Other breakthroughs in machine intelligence in medicine will come with shifts in computing frameworks that can enhance model training and efficiency. Quantum computing (Box 1) represents one emerging prospect that would leverage the physical properties of atomic and subatomic particles to enhance processing power, algorithm performance and data transfer[165]. Quantum computers can theoretically support the simultaneous, parallel-path processing of data to create shortcuts that might outperform conventional computing[165] (Fig. 5). Encouraging scientific breakthroughs over the past 5 years demonstrated ‘quantum supremacy’ in terms of problem-solving capabilities over conventional computing, albeit these findings are still very much exploratory[166]. However, some experts anticipate that the arrival of usable quantum computing could occur as early as within the next few decades[167].

Conclusions

Machine intelligence continues to gain traction in oncologic endocrinology for its potential to enable robust non-invasive diagnostics. However, for these technologies to take hold, both adherence to consensus reporting standards and evaluation criteria in AI image interpretation are required, which will enable meaningful cross-study comparisons. Although several of such AI guidelines have been established[137-139], a lack of harmonization impedes their widespread uptake. Another challenge will be facilitating the smooth movement of these technologies into the clinical setting so that physicians embrace their use.
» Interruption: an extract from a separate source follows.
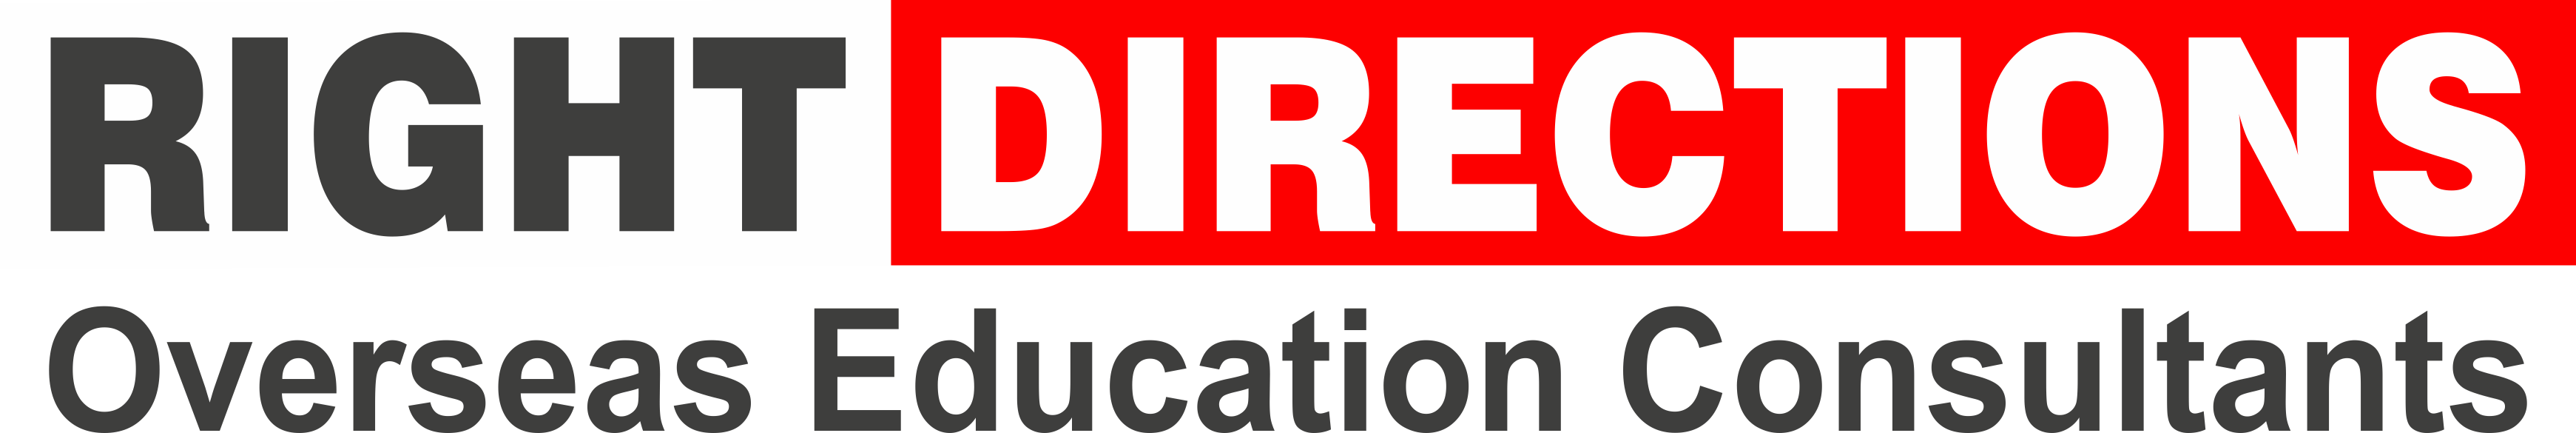 Right Directions Overseas|Coaching Institute|Education

Clarity at the federal and institutional levels is urgently needed in terms of developing longitudinal performance auditing, medicolegal liability frameworks and guidance on reimbursements for clinical AI developers and medical institutions utilizing these technologies.

Another theme is how poor data availability continues to stymie the development of robust machine learning applications, particularly in rare endocrine cancers. Although access to medical imaging is improving through open data-sharing initiatives, we still note a relative paucity of endocrine cancer scans within these larger imaging databases. We encourage the creation of domain-specific imaging databases that can better enable AI for oncologic endocrinology purposes.
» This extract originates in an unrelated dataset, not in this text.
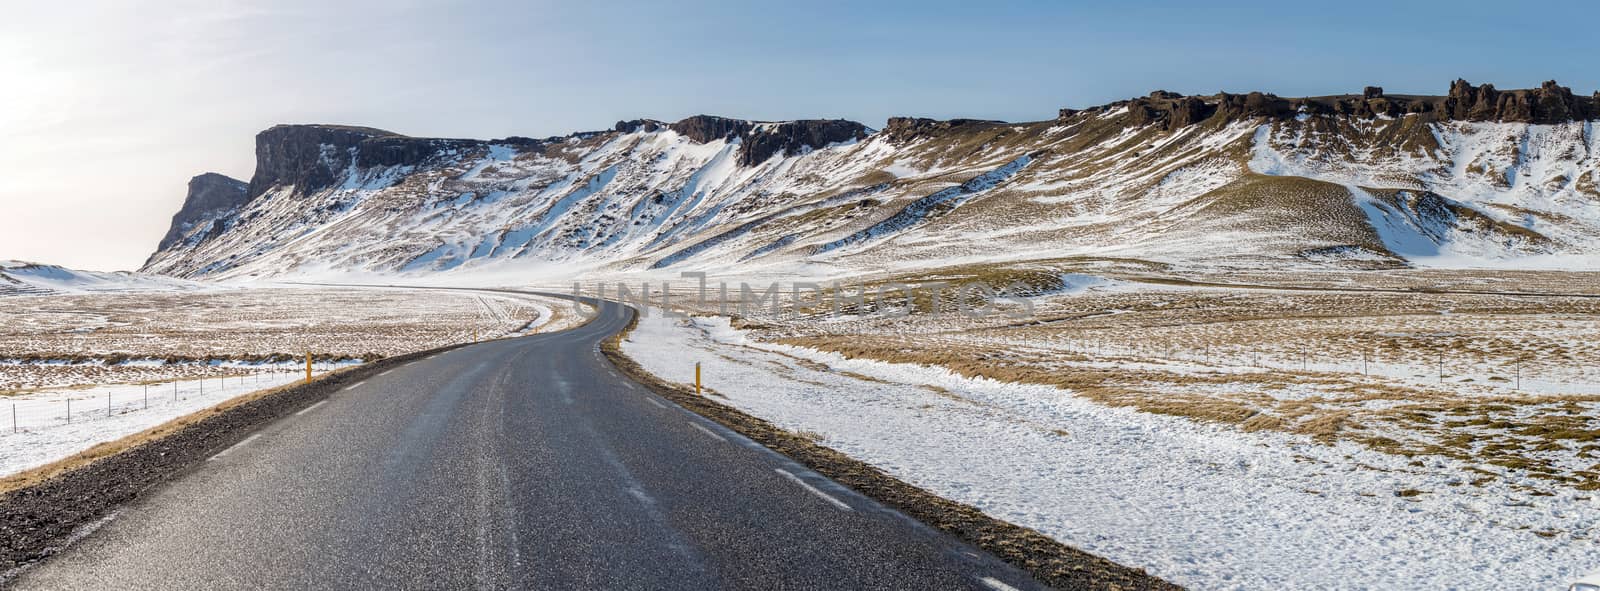 Road Winter Mountain Iceland by vichie81

Collaborative learning strategies might also centre the foray given their potential to circumvent data access issues without transferring personal health information. Future work on distributed computing paradigms also need to consider how to best manage potential cyber risks and data as the potential surface area vulnerable for cyberattack increases with the increasing number of participants. Digital health could also enable future breakthroughs such as via correlation of radiomics findings with wearables or digital health application data[168]. Finally, the advent of smartphone imaging viewing platforms and automated workflows will bring the field closer to smooth, real-time analytics that can enable robust partnerships among endocrinologists, radiologists and AI.